Demultiplexed output #

Demultiplex is a magic transformation that forks the output.

You receive one set of output files per barcode (combination) defined.

Transformations downstream are (virtually) duplicated, so you can for example filter to the head reads in each barcode, and get reports for both: all reads and each separate barcode.

Demultiplexing can be done on barcodes, or on boolean tags.

Based on barcodes #

[[step]]
    action = "Demultiplex"
    in_label = "mytag"
    barcodes = "mybarcodes"
    output_unmatched  = true # if set, write reads not matching any barcode
                             #  to a file like ouput_prefix_no-barcode_1.fq

[barcodes.mybarcodes] # can be before and after.
# separate multiple regions with a _
# a Mapping of barcode -> output name.
AAAAAA_CCCCCC = "sample-1" # output files are named prefix{ix_separator}barcode_prefix{ix_separator}segment.suffix
                           # with the separator defaulting to '_', e.g. output_sample-1_1.fq.gz
                           # or output_sample-1_report.fq.gz

Based on boolean tags #

[[step]]
    segment = "read1"
    action = "TagOtherFileByName"
    out_label = "a_bool_tag"
    filename = "path/to/boolean_tags.tsv"
    false_positive_rate = 0

[[step]]
    action = "Demultiplex"
    in_label = "a_bool_tag"

Note that this does not extract the barcodes from the read (use an extract step, such as ExtractRegion).

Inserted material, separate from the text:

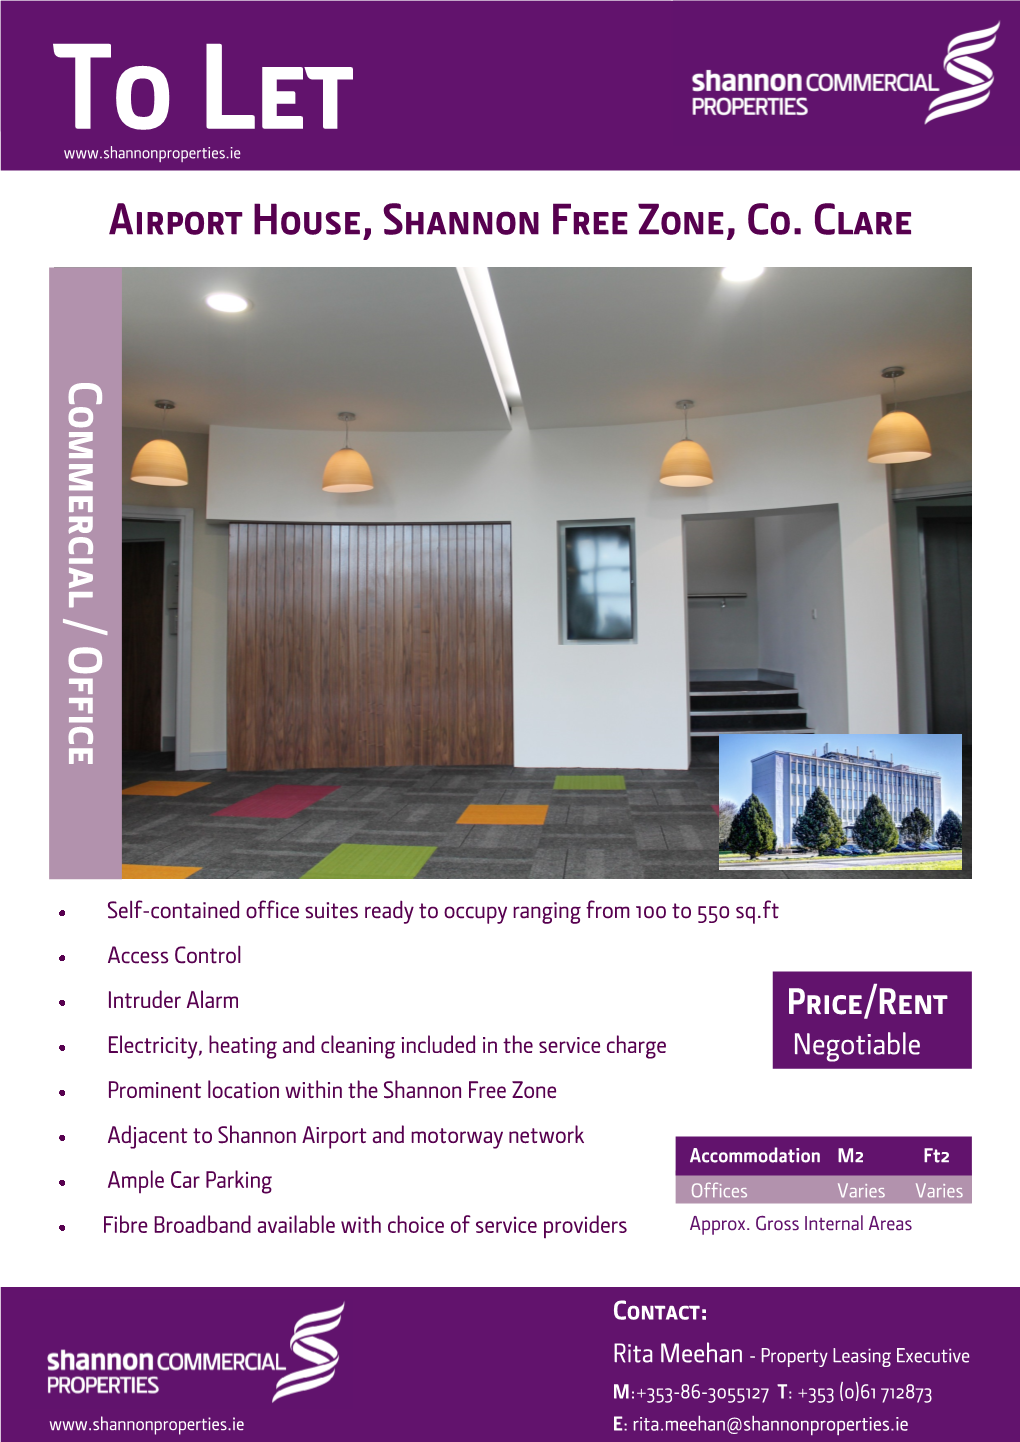 Airport House, Shannon Free Zone, Co. Clare

Nor does it append the barcodes to the read name, (use StoreTagInComment for that) or remove the sequence from the reads (combine with CutStart / CutEnd or perhaps TrimAtTag.

Notes:

  • Query barcodes may use IUPAC codes.
  • IUPAC barcodes must be non-overlapping ( and this is enforced).
  • Within one demultiplex step barcode must be of equal length.
  • You can define multiple barcodes to go into the same output file.
  • Multiple demultiplex steps per configuration are valid - you’ll receive their product in terms of output files.
  • A demultiplex step matching zero barcodes (across all reads) will issue an error.

Hamming Distance matching #

Correcting a tag for hamming distance is a separate step. See HammingCorrect.